Each specific route of the training data set corresponds to an actual mobility trace of an actual subject. The specific positions are thus recorded, or measured positions captured during an actual movement of that subject, for example using a positioning technology, such as the global positioning system (GPS) or similar satellite-based systems or such as an indoor positioning system based on short-range radio signals (Wi-Fi or Bluetooth), acoustic signals or optical positioning. The present teaching is not limited to any particular positioning technology.
The present teaching is based on the recognition that a first machine learning model, which is a sequential generative model, is more likely to learn and estimate the importance of the initial and final position of individual routes more realistically when the information content of the positions in between is reduced. This reduction in information is achieved by mapping each specific position to a generic position having a coarser granularity. Consequently, the specific positions have finer granularity, meaning that they are more exact or more precise. Each specific route has a corresponding generic route. In an embodiment of the present disclosure, the generic route comprises the same number of (generic) positions as the number of (specific) positions of the specific route. That means that in general the generic route may comprise the same position possibly multiple times, i.e., a repetition of a generic position is possible to represent different specific positions that are close to each other.

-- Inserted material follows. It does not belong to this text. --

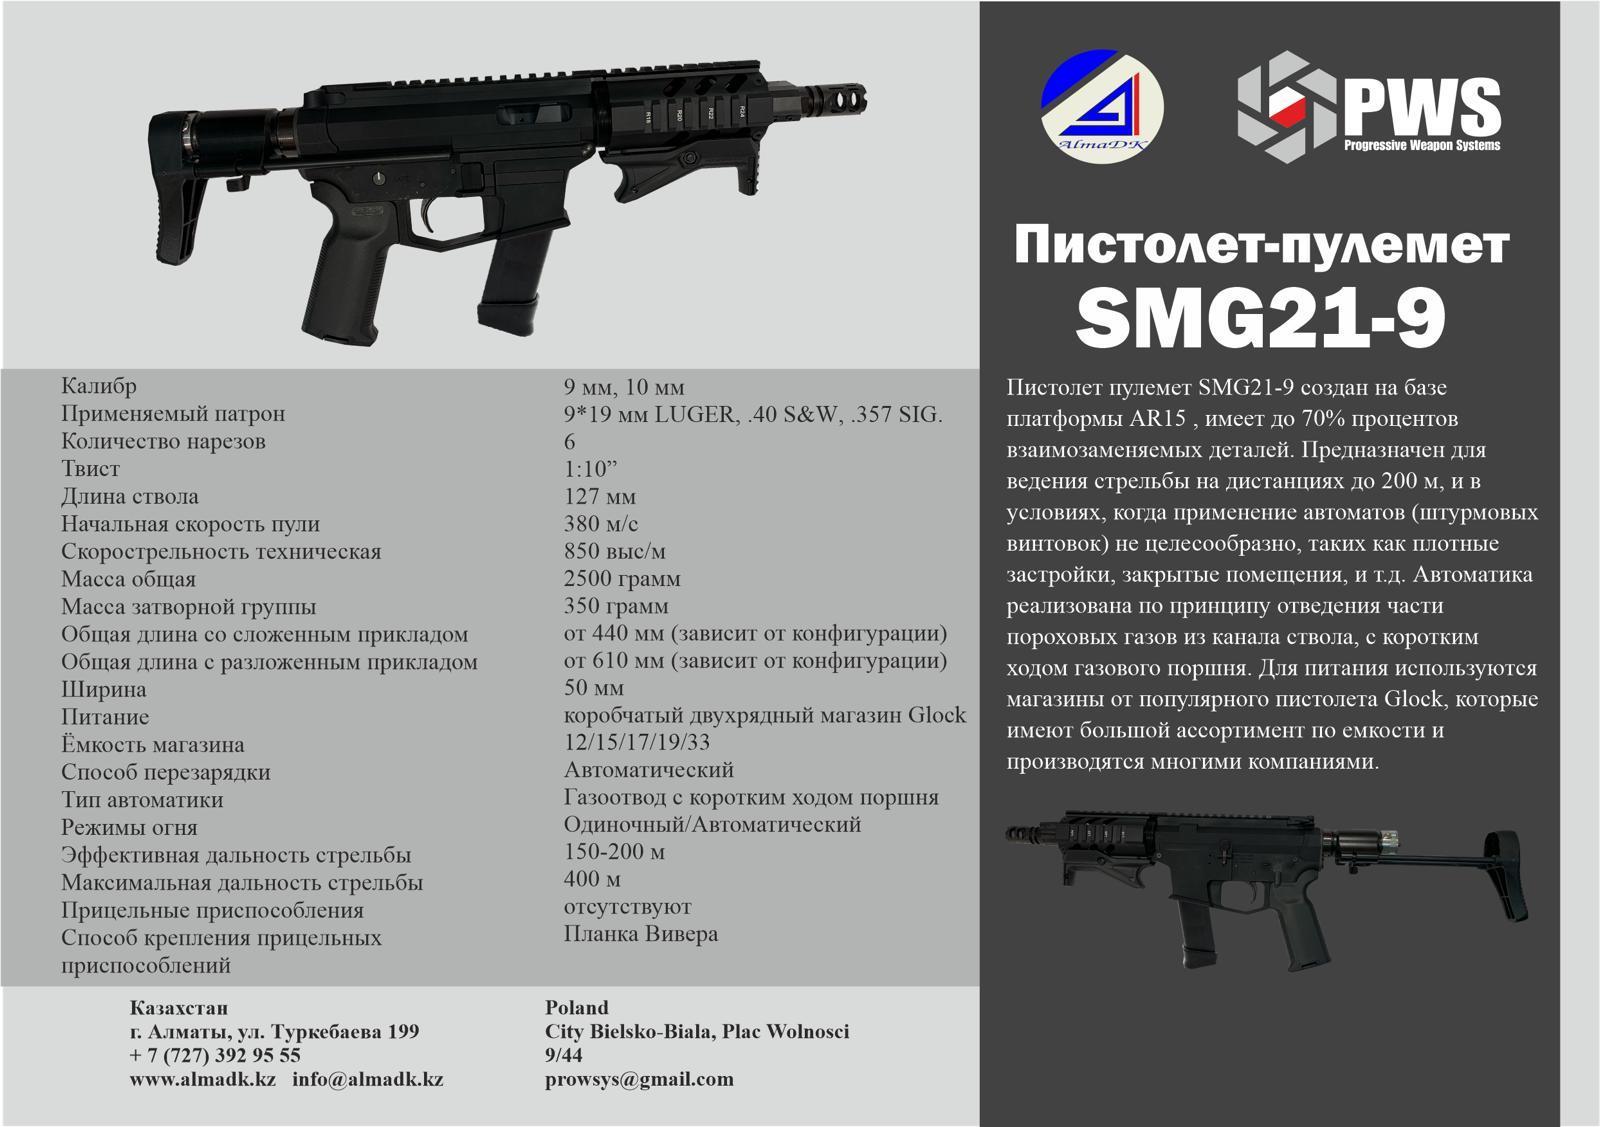 Пистолет-пулемет SMG21-9
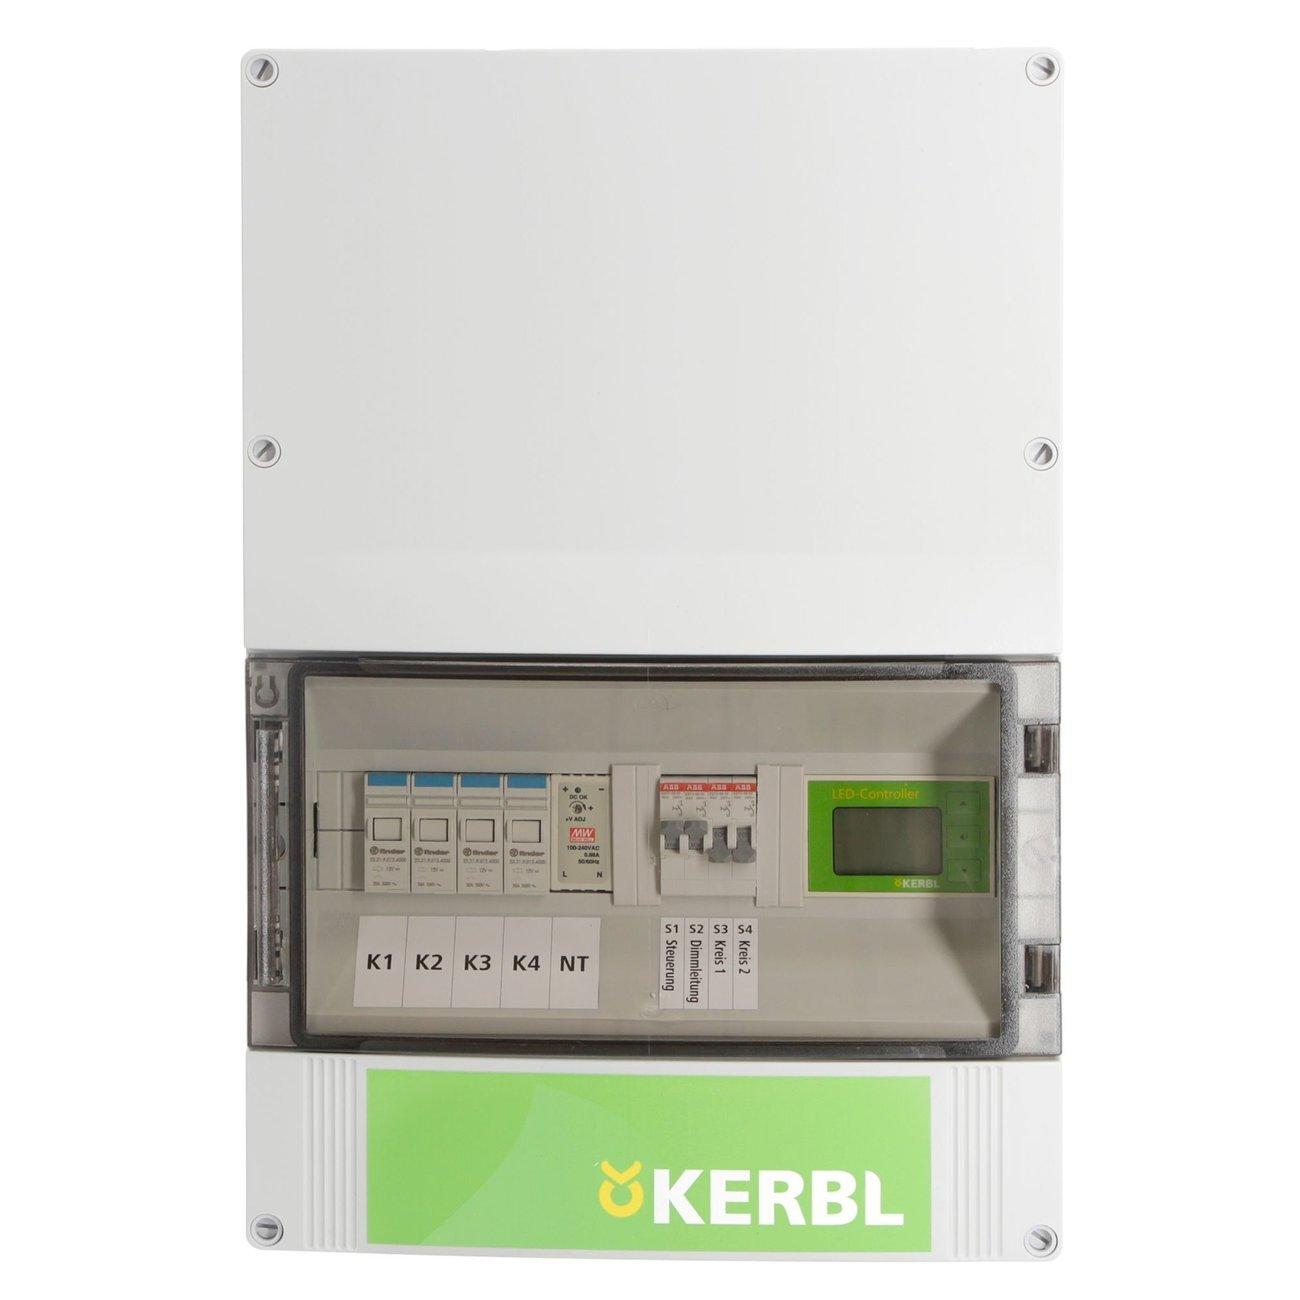 Kerbl Steuerung für LED Hallen Beleuchtung, Bild 3

The mapping may be performed in one go (one batch) or on demand, when the generic route is needed for training. The training progress and the mapping progress may run in parallel and be interleaved. In general, also the receiving, mapping and training tasks may run in parallel and interleaved. Effectively the coarser granularity forces the first machine learning model to learn a view “from afar”. As the distinction of close by positions is reduced or even removed, more distant positions gain importance. This means that individual high-level mobility patterns gain importance and their effect on the training of the first machine learning model is increased. Notably, these high-level mobility patterns may include not only an initial position and a final position (or coarse representations thereof), but also high-level trip information, i.e., one or more generic positions along the path taken between a generic initial position and a generic final position. On the other hand, specific positions recorded by many different subjects and belonging to several different mobility traces will be represented as a single position and the model will not learn individual characteristics of those high-frequency positions, leaving more capacity for low-frequency positions, to which the initial and final positions typically belong. The condition to terminate the training may be a stagnating validation loss. The output of the training method is a trained first machine learning model comprising a particular architecture and associated weights.
The methods in this disclosure are thus capable of determining a particular representation of observable, real-world conditions, as mentioned in the introduction above. Such particular representations are the configuration of a first trained machine learning model, i.e., obtained by training the first machine learning model, and the configuration of a second trained machine learning model, i.e., obtained by training the second machine learning model as described below. Those configurations are essentially measurements of the mobility of a group or “ensemble” of subjects. The disclosed methods can be understood as processing an ensemble of mobility traces, removing subject-specific individual properties and maintaining ensemble (statistical) properties.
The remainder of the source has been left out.